SynapseML
SynapseML copied to clipboard
java.util.NoSuchElementException: Param binSampleCount does not exist on LightGBM
Describe the bug binSampleCount does not exist
Instantiation of LightGBM
model = LightGBMClassifier(featuresCol="idfFeatures", labelCol="label")
pipeline_cv_lr = Pipeline().setStages(
[nltk_cleaner, count_vectorizer, idf, model]
)
model_cv_lr = pipeline_cv_lr.fit(train_data)
predictions_cv_lr = model_cv_lr.transform(test_data)
Info (please complete the following information):
- MMLSpark Version: mmlspark_2.11;1.0.0-rc3
- Spark Version e.g. 2.4.5
- Spark Platform: Local Jupyter
** Error**
Py4JJavaError: An error occurred while calling o80.getParam.
: java.util.NoSuchElementException: Param binSampleCount does not exist.
at org.apache.spark.ml.param.Params$$anonfun$getParam$2.apply(params.scala:729)
at org.apache.spark.ml.param.Params$$anonfun$getParam$2.apply(params.scala:729)
at scala.Option.getOrElse(Option.scala:121)
at org.apache.spark.ml.param.Params$class.getParam(params.scala:728)
at org.apache.spark.ml.PipelineStage.getParam(Pipeline.scala:42)
at sun.reflect.GeneratedMethodAccessor28.invoke(Unknown Source)
at sun.reflect.DelegatingMethodAccessorImpl.invoke(DelegatingMethodAccessorImpl.java:43)
at java.lang.reflect.Method.invoke(Method.java:498)
at py4j.reflection.MethodInvoker.invoke(MethodInvoker.java:244)
at py4j.reflection.ReflectionEngine.invoke(ReflectionEngine.java:357)
at py4j.Gateway.invoke(Gateway.java:282)
at py4j.commands.AbstractCommand.invokeMethod(AbstractCommand.java:132)
at py4j.commands.CallCommand.execute(CallCommand.java:79)
at py4j.GatewayConnection.run(GatewayConnection.java:238)
at java.lang.Thread.run(Thread.java:748)
👋 Thanks for opening your first issue here! If you're reporting a 🐞 bug, please make sure you include steps to reproduce it.
@sarmientoj24 sorry about the trouble you are having. This looks very strange, because this parameter definitely does exist in lightgbm. I wonder if you somehow have multiple environments installed, or your python/pyspark code is somehow not in sync with the scala/Java code. How did you install the library in your local jupyter notebook?
@imatiach-msft it is installed like this
session = SparkSession.builder.appName("person-classifier").config("spark.jars.packages", "com.microsoft.ml.spark:mmlspark_2.11:1.0.0-rc3").config("spark.jars.repositories", "https://mmlspark.azureedge.net/maven").getOrCreate()
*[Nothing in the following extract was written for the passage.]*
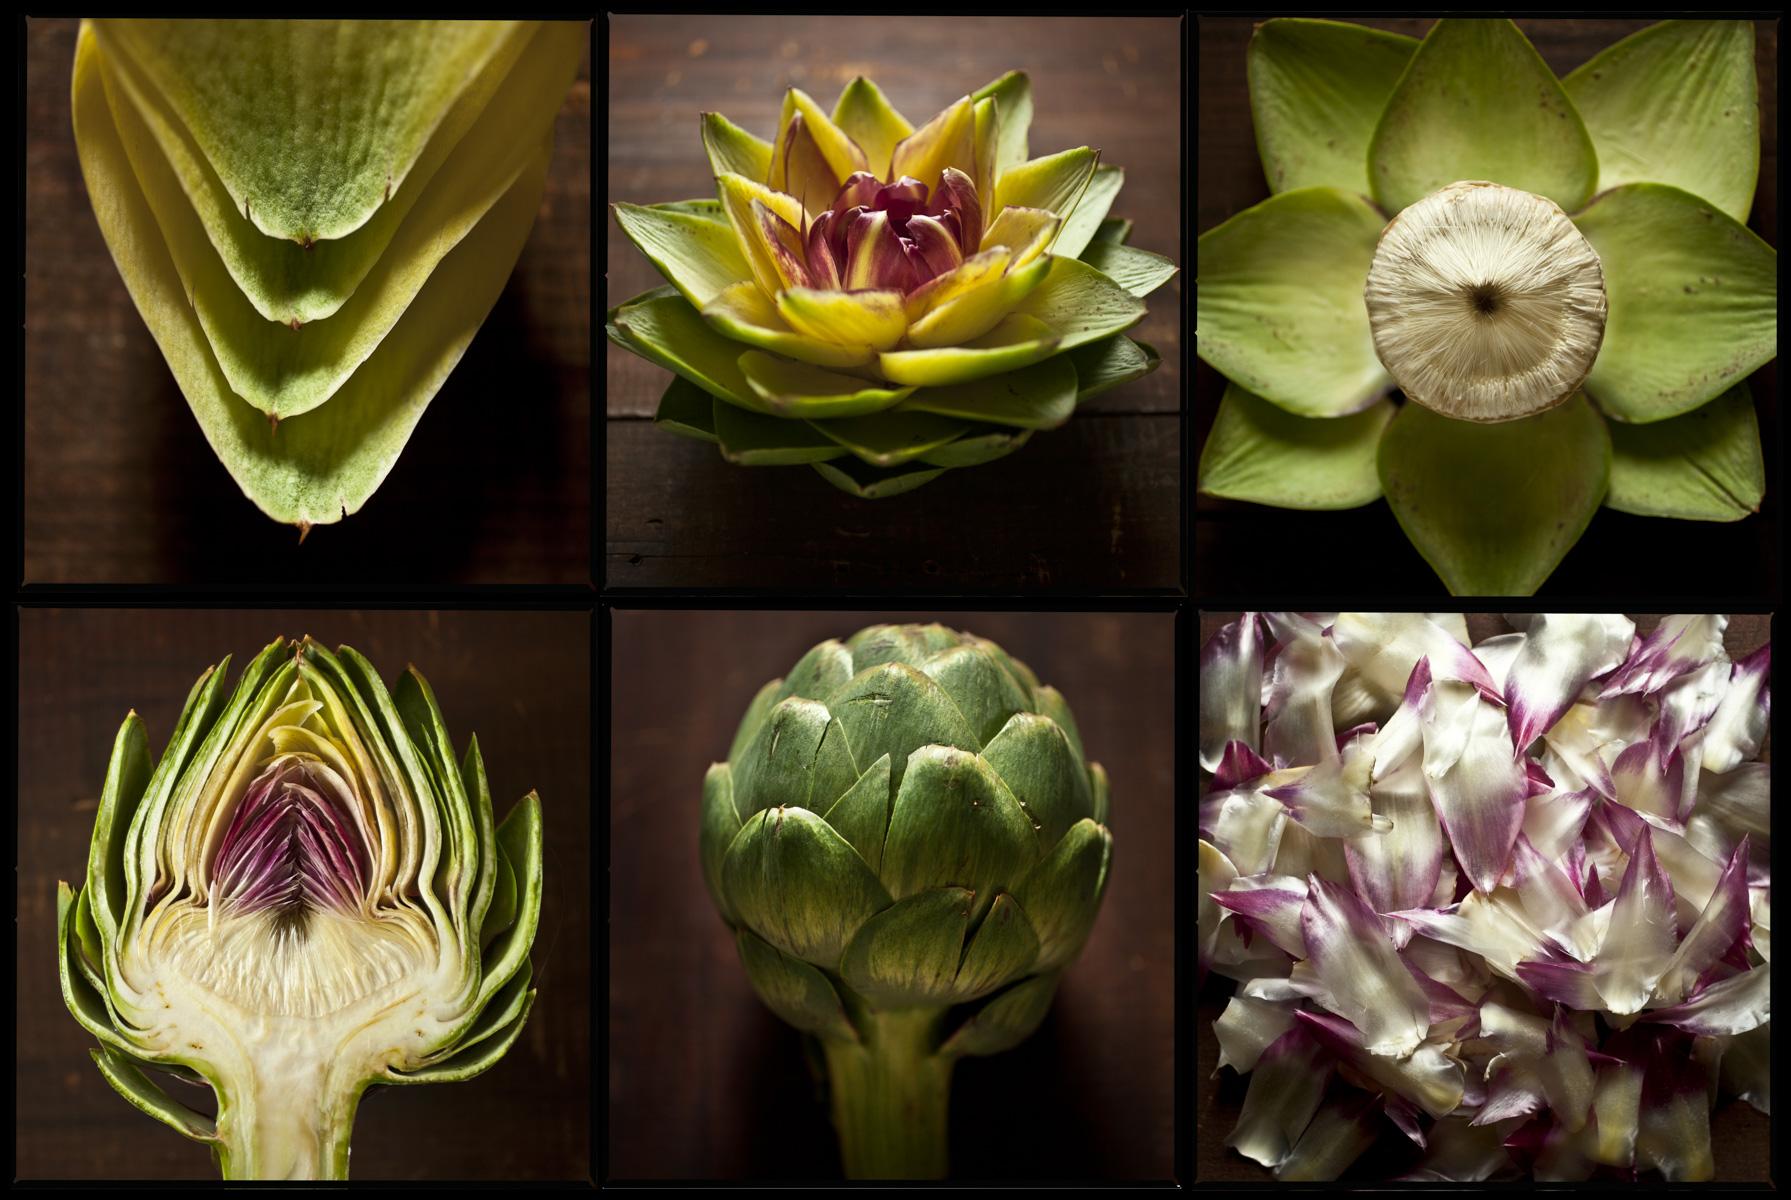 artichoke-study-food-art

spark_context = sql.SQLContext(session)
@sarmientoj24 very strange, it should just work. What kind of environment/cluster are you running on? Maybe this way doesn't work there? It is possible there are multiple mmlspark versions installed there somehow?
@imatiach-msft I met a similar error as above, and I am thinking this is due to installation issues. I have spark 3.1.2 in my local jupyter notebook, and I followed the python installation method as in this official website: (https://microsoft.github.io/SynapseML/)
I use this code for installation as I use 3.1.2 spark:
spark = SparkSession.builder.appName("MyApp") \ .config("spark.jars.packages", "com.microsoft.azure:synapseml_2.12:0.9.5-13-d1b51517-SNAPSHOT") \ .config("spark.jars.repositories", "https://mmlspark.azureedge.net/maven") \ .getOrCreate()
But if failed when I run "import synapse", it said no module found. I also tried in Kaggle notebook and GCP Dataproc, both had same error. Ultimately, I had to use pip install synapseml, and pip install synapse so that I can run the LightGBM model and import this module.
Could you please help me with this installation issue if possible? Thanks a lot!
My error is shown below (I one-hot encoded categorical features and then create vectorAssembler on numerical features and onehot encoded categorical features, my label is multiclass)
> ---------------------------------------------------------------------------
Py4JJavaError Traceback (most recent call last)
/tmp/ipykernel_213/1295349156.py in <module>
----> 1 model = model.fit(updated_train)
/opt/conda/lib/python3.7/site-packages/pyspark/ml/base.py in fit(self, dataset, params)
159 return self.copy(params)._fit(dataset)
160 else:
--> 161 return self._fit(dataset)
162 else:
163 raise ValueError("Params must be either a param map or a list/tuple of param maps, "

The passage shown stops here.